I don't know about GPB, but I am using LZO, and using using
com.twitter.elephantbird.pig8.load.LzoTextLoader.

Thanks
chaitanya

*
*

Please find attached the hadoop mapred/ core site configuration files and a
pig-error-log.

The error log resembles close to
http://www.mail-archive.com/[email protected]/msg01009.html mail thread,
but suggestions made there doesn’t seem to work.

Please find my environment config /versions below,



*csharma $ hadoop version*

*Hadoop 0.20.2-cdh3u0*

Subversion  -r 81256ad0f2e4ab2bd34b04f53d25a6c23686dd14

Compiled by root on Sat Mar 26 00:12:30 UTC 2011

>From source with checksum 6c1f62dddc4eac69b6b973c18bbc0f55



*csharma $ pig -version*

*Apache Pig version 0.8.0-cdh3u0 (rexported)*

compiled Mar 25 2011, 16:16:24



For LZO I am using, with build output snippets.

*csharma@hadoop-lzo $ git remote -v*

origin     https://github.com/kevinweil/hadoop-lzo.git (fetch)

origin     https://github.com/kevinweil/hadoop-lzo.git (push)



csharma@hadoop-lzo $ tree build/hadoop-lzo-0.4.10/lib/

build/hadoop-lzo-0.4.10/lib/

|-- commons-logging-1.0.4.jar

|-- commons-logging-api-1.0.4.jar

|-- junit-3.8.1.jar

`-- native

    `-- Linux-i386-32

        |-- libgplcompression.a

        |-- libgplcompression.la

        |-- libgplcompression.so -> libgplcompression.so.0.0.0

        |-- libgplcompression.so.0 -> libgplcompression.so.0.0.0

        `-- libgplcompression.so.0.0.0



csharma@hadoop-lzo $ ls -l build/

drwxr-xr-x 6 csharma csharma    4096 2011-04-18 08:11 hadoop-lzo-0.4.10

-rw-r--r-- 1 csharma csharma   59855 2011-04-18 08:11 hadoop-lzo-0.4.10.jar

-rw-r--r-- 1 csharma csharma 1810286 2011-04-18 08:11
hadoop-lzo-0.4.10.tar.gz





*For pig - 0.8 support, elephant bird :*

*csharma@elephant-bird-gerritjvv $ git remote –v  *

origin     https://github.com/gerritjvv/elephant-bird.git (fetch)

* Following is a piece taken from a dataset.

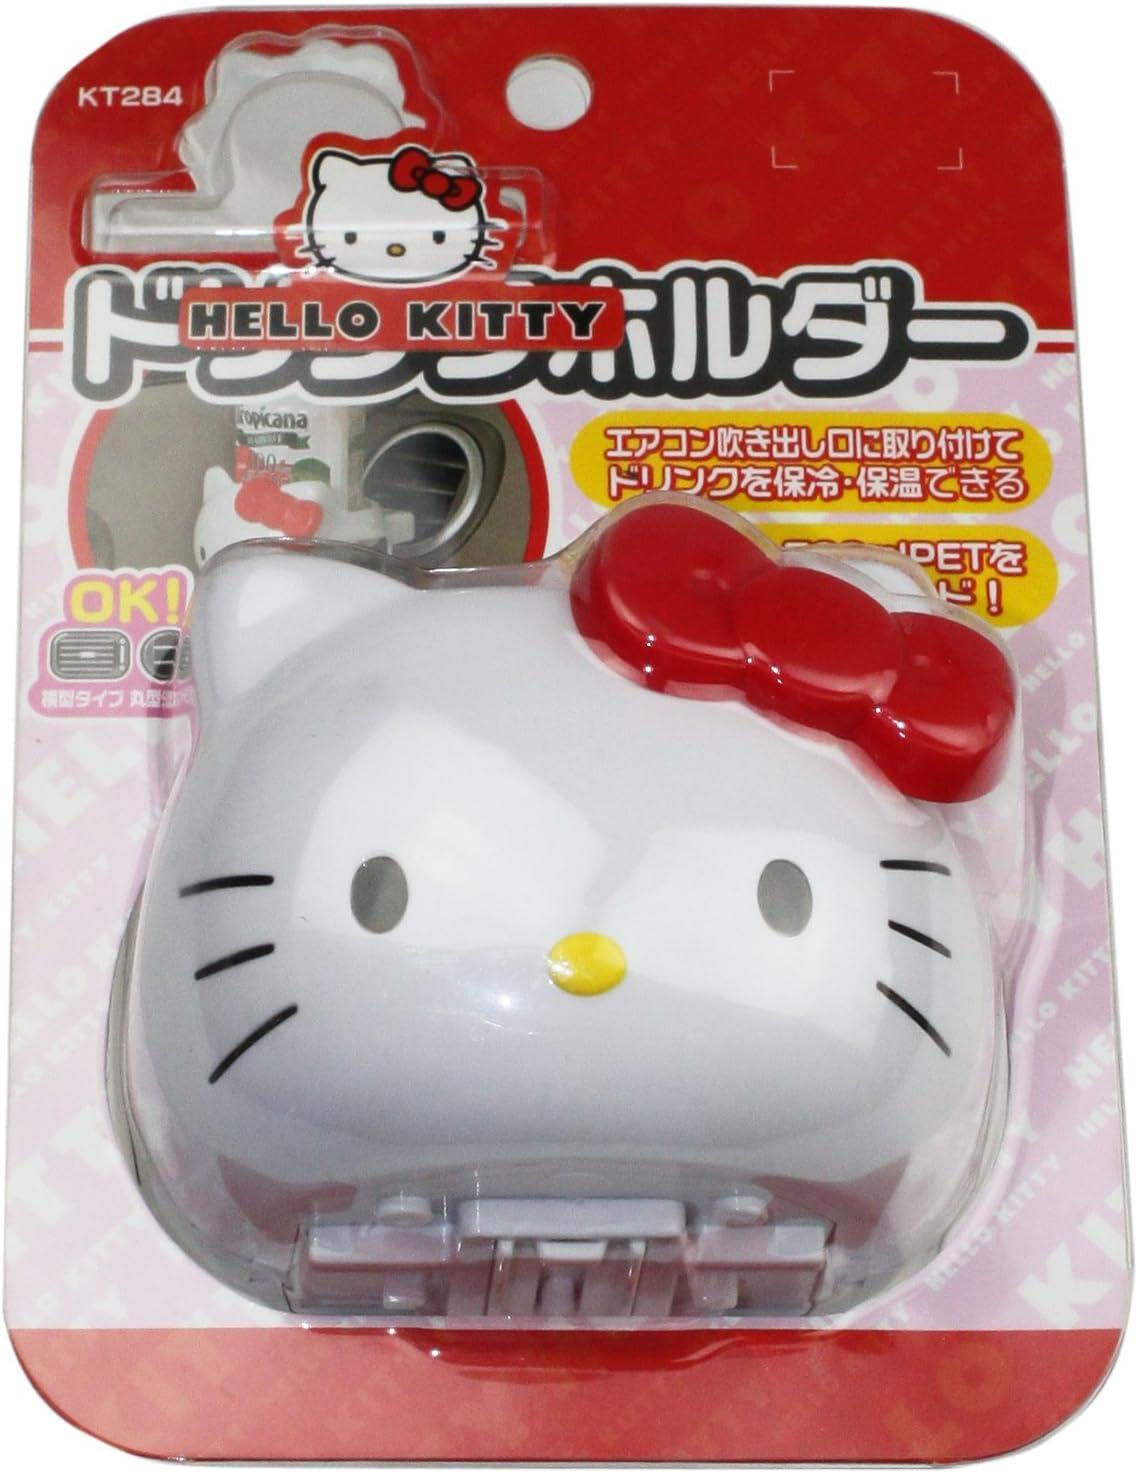 Hello Kitty Face Meter Cap Car Accessory KT441 SEIWA New Japan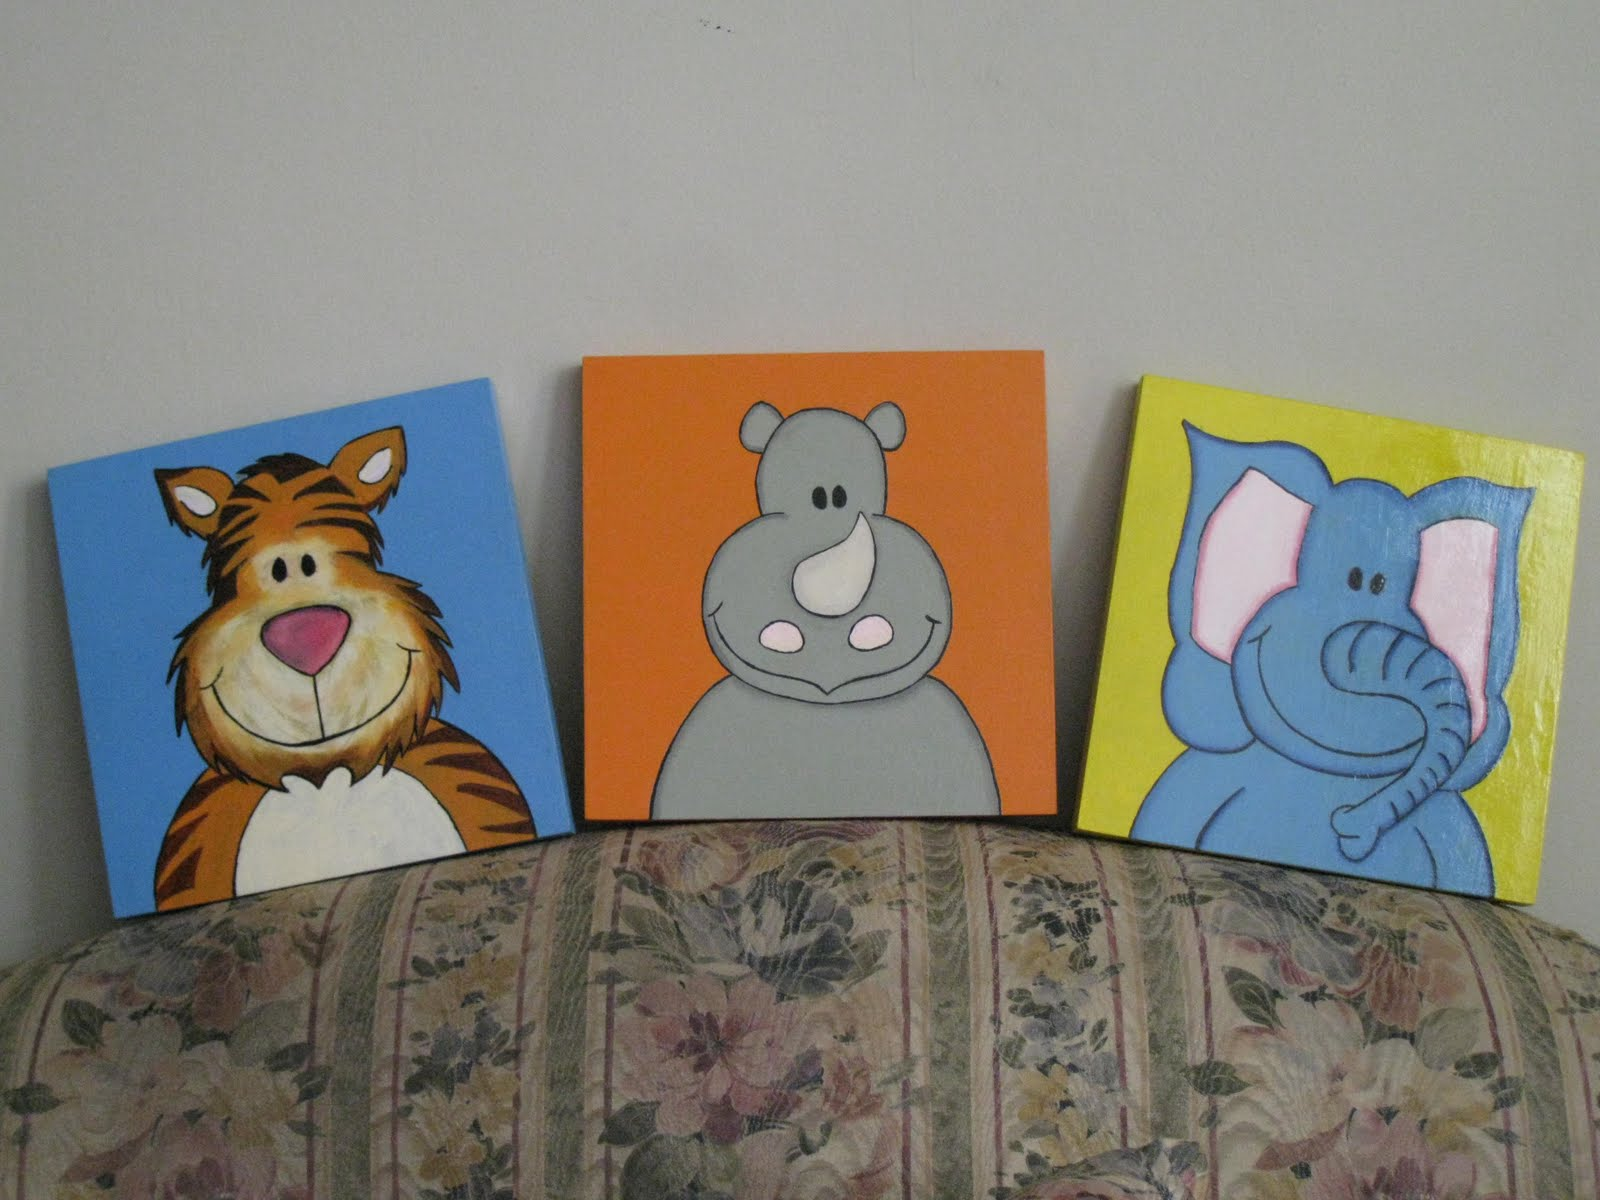 "ARTEMANIA PERU"" - Galeria de cuadros: Cuadros infantiles ""Animales ..."

origin     https://github.com/gerritjvv/elephant-bird.git (push)



https://github.com/dvryaboy/elephant-bird/tree/pig-08

*csharma@ubuntu:~/Projects/elephant-bird-dvryaboy$ git remote –v  *

origin     https://github.com/dvryaboy/elephant-bird.git (fetch)

origin     https://github.com/dvryaboy/elephant-bird.git (push)



Also, been having a lot of problems building elephant bird *without* thrift
/ protobuf.



Now I did find this project,
http://code.google.com/p/hadoop-gpl-packing/, saying
EB can handle even Pig 0.8.

This confuses me - can I or can I not use Elephant Bird with Pig 0.8?

-------------------------------------------------------------------



I created a smaple lzo compressed data file clean.txt.lzo, then indexed the
lzo file to verify correct LZO installation for my pseudo cluster,

*hadoop jar /usr/lib/hadoop/lib/hadoop-lzo-0.4.10.jar
com.hadoop.compression.lzo.DistributedLzoIndexer /data/clean.txt.lzo*



but, when running pig jobs, with pig-lzo-loaders from elephant bird, I’ve
always been running into problems; following either just crashes or keeps
running forever, spitting gb’s of garbage data.

*grunt> register
/usr/lib/hadoop/lib/elephant-bird-2.0-SNAPSHOT.jar;
*

*grunt> d = load '/data/clean.txt.lzo' using
com.twitter.elephantbird.pig8.load.LzoTextLoader();*

|

|--Throws a boatload of errors, attached.




Please do let me know, how my configuration / versions are conflicting, and
which should I change to get this to work?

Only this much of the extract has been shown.